With the marketability of REOs being improved by rehabbing and repairing, why has there been such hesitation from servicers to engage and then implement these various techniques as common practice? To start, there was a time – just two years ago – when REO volumes were low enough that servicers had little pressure to quickly liquidate those assets. Even when the first "flood" of REO occurred, there was the initial perception that the current market would not be a long-term problem. Many servicers believed the REO wave would be a shorter-lived issue, when, in fact, it continues today.

Servicers also felt there was an advantage to leaving properties in as-is condition, believing that the properties would move more quickly to sale and, therefore, would be able to recover the losses solely through briefer sale cycles. But that was a different time and a different market. With foreclosure activity still high, the industry is faced with anticipating future volumes. Servicers must now have a strategy in place to ensure the efficient disposition of their active REO portfolio.

Also, up-front costs continue to deter servicers from taking a rehab approach to their REO marketing and disposition strategies. There is an obvious concern that investment of time and various resources will not result in a positive return on investment. However, with larger volumes of properties competing for buyers' attention, rehab investments are a proven method of increasing value and sale price.

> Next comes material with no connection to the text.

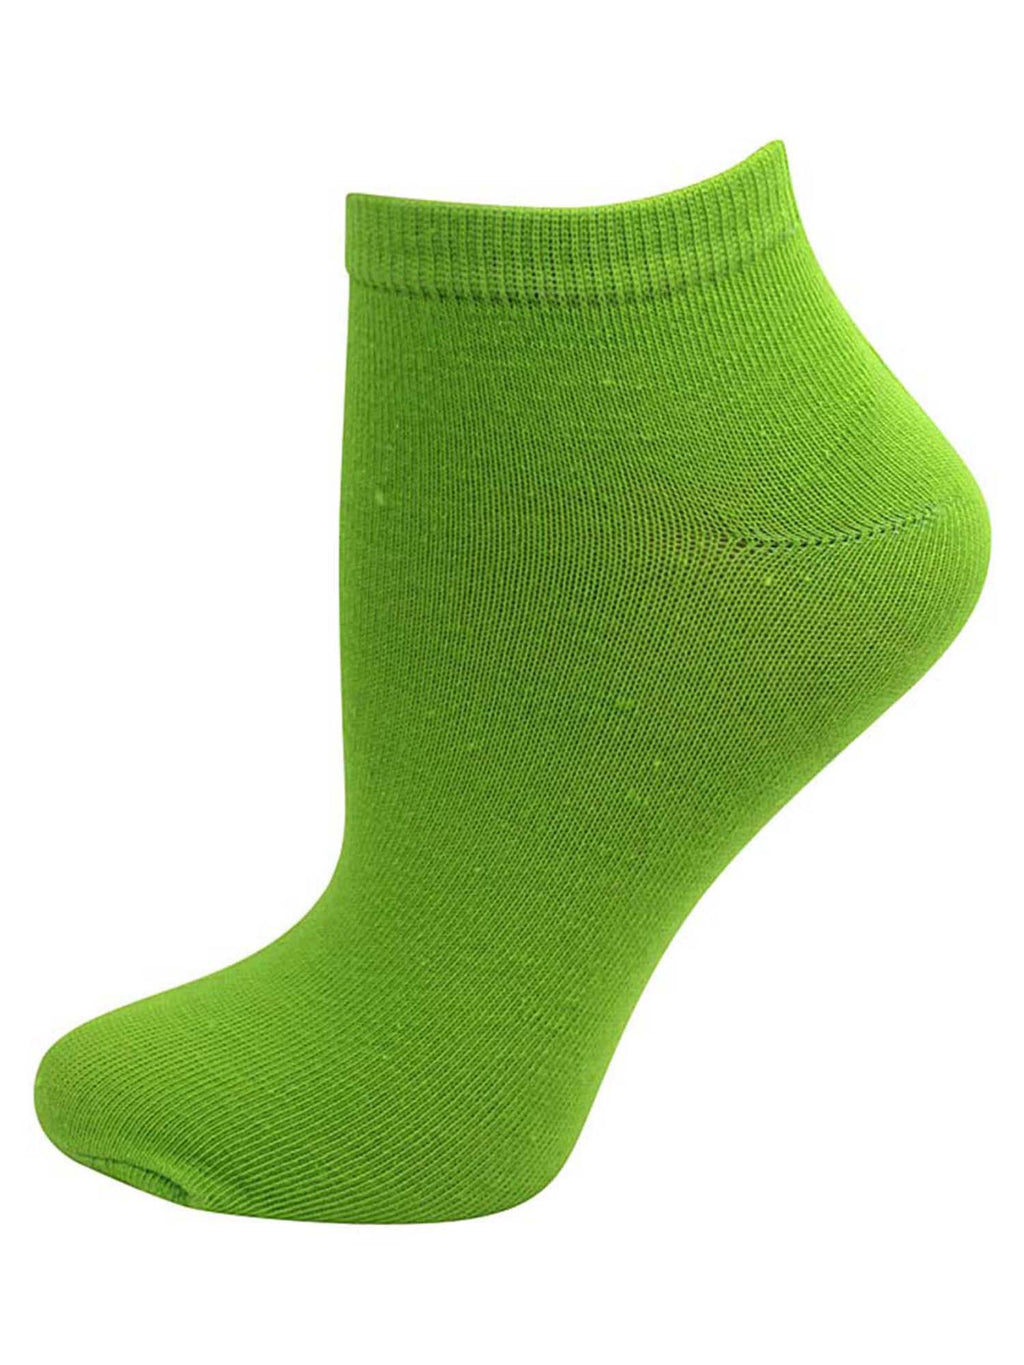 Solid Light Color Assorted 6-Pack Ladies Ankle Socks
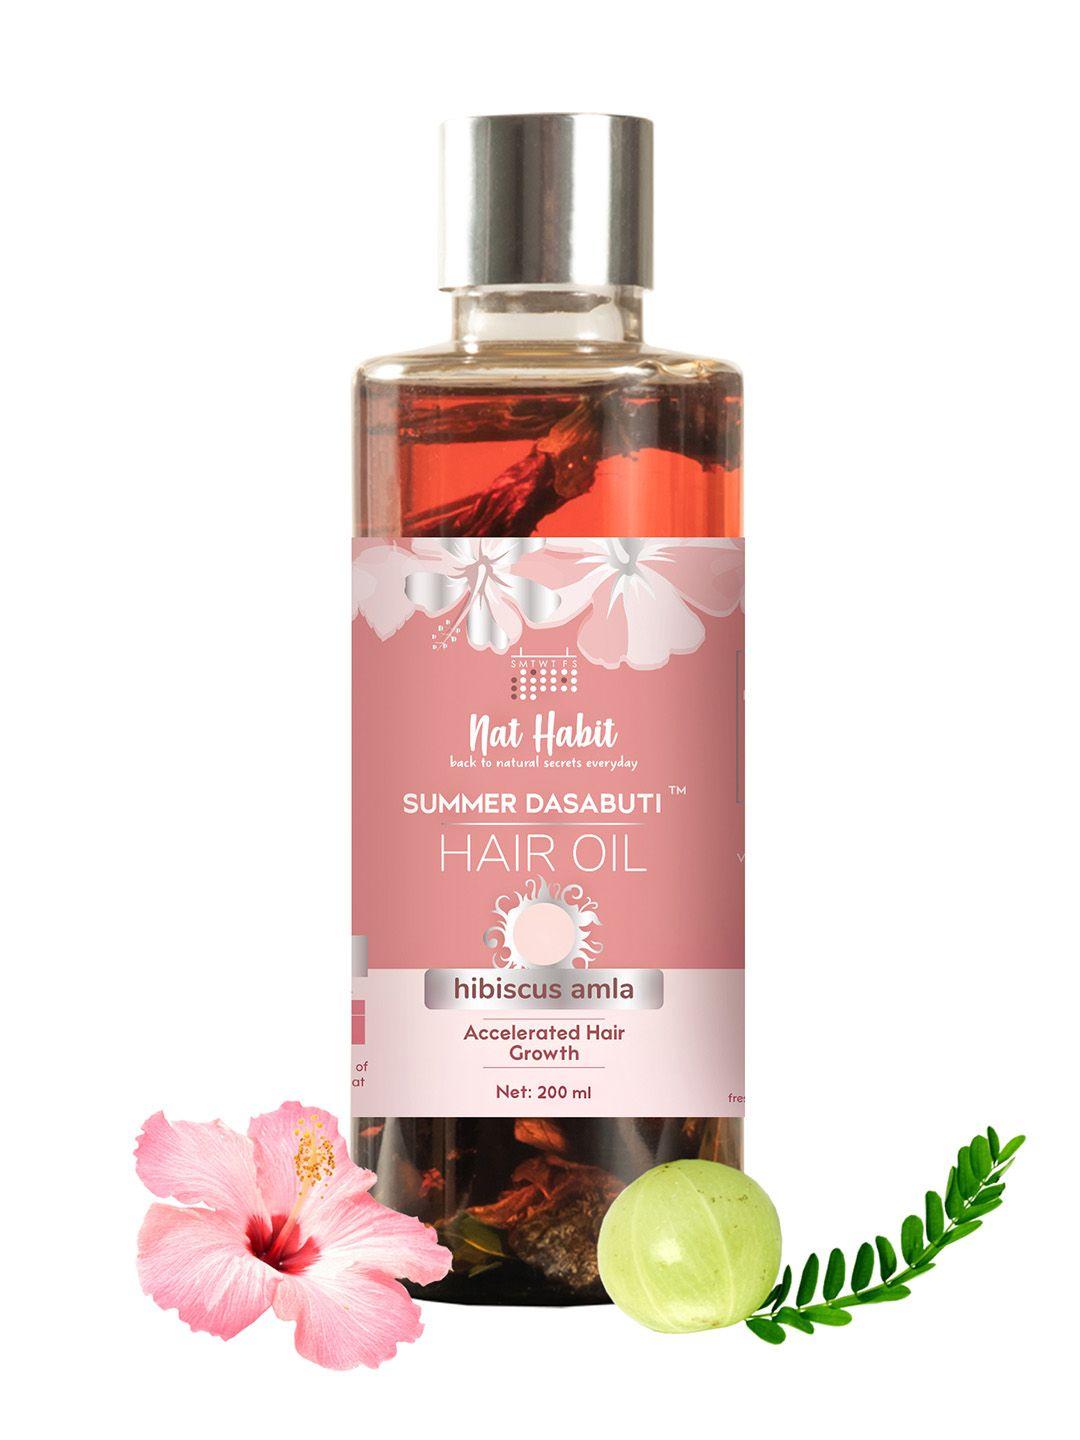 nat habit hibiscus amla summer dasabuti hair oil for accelerated hair growth - 200ml

Servicers' hesitation remains on whether repairs, upgrades and other improvements can be completed timely enough to ensure that the property's time on the market is kept to a minimum. Properties that have not received rehabilitation work can incur considerably longer times on the market. While these properties are being marketed, servicers are responsible for not only maintaining their appeal, but also doing so in a manner that complies with local code. When added up over extended amounts of time, costs for biweekly landscaping services, pool services and ongoing maintenance can become substantial.

The sense-able approach

Servicers will be moving in the right direction if they just work toward appealing to the senses when it comes to REO marketing and disposition.

Creating a refined interior and exterior aesthetically gives a property its character. Although staging is great for defining interior spaces, it can be supplemented with cleaned or new carpeting and flooring. Not only are highly visible tactics – such as the appeal of ongoing yard maintenance, new landscaping and updated appliances-appealing, but so too are many intangible elements like the smell – or even sounds – of a home. Take, for instance, the aroma of a fresh coat of paint or the elimination of an old droning appliance.

REO is a viable source of homeownership for many individuals in the market today, and taking the proper steps to preserve those assets is a smart business decision for any company.